Derin bir nefes aldım ve gözlerimi kapattım. Sonbahar kötüydü, kış ondan daha kötüydü. Şimdi ise Şubat ayının son demleriydi. Yakın bir zamanda bahar ayı bizim için gelecekti. Peki bahar nasıl olacaktı? Tekrar derin bir nefes aldım ve soruyu kendi kafamda yanıtladım. ''Kötü hatta kötünün kötüsü.''

''Bu kadar karamsar olmayı nasıl başarıyorsun?'' Gözlerimi açtım ve karşımda duran Ata'ya baktım. Ona cevap vermek istemiyordum ama cevap vermem için ısrarla gözlerime bakıyordu. Bazen tüm yaşananların onun yüzünden değilmiş gibi davranması sinirime dokunuyordu.

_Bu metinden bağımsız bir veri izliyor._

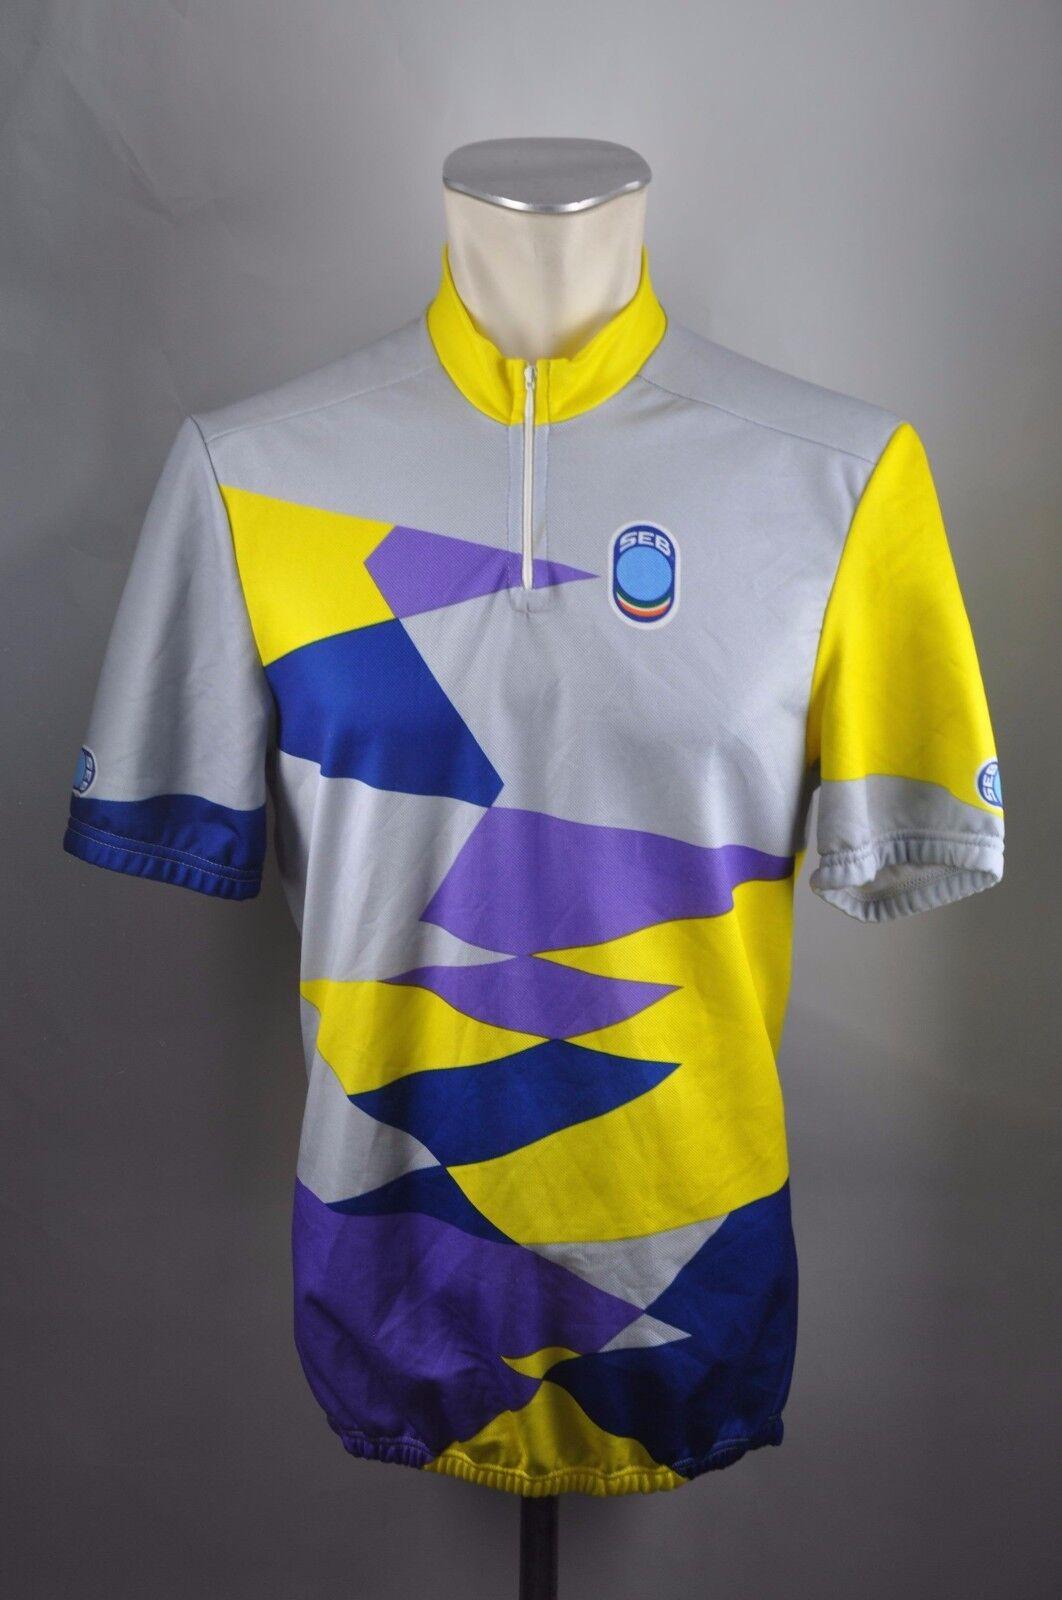 Seb vintage cycling jersey Fahrrad Bike Rad Rad Rad Trikot XL XXL 56cm U8 cd6167

''Karamsar değilim sadece objektif bakıyorum. Şu an yaşadığımız hayat, uzaktan bakan birisinin görüp kaçmasını gerektirecek kadar ideal.''

''Merak etme, yakında her şey düzelecek.''

Derin bir nefes aldım ve onu öldürme isteğimi bastırdım. ''Tabii ne demezsin, kesin öyle olur.''

Sürekli bu tür şeyleri ima ediyordu ama eğer dediği gibi her şey bitecekse ve bu durumdan kurtulma ihtimaliz varsa bu ihtimal dahilinde kendisi kesin yaşayacak oluyordu. Bize ne olacağı ise belli değildi.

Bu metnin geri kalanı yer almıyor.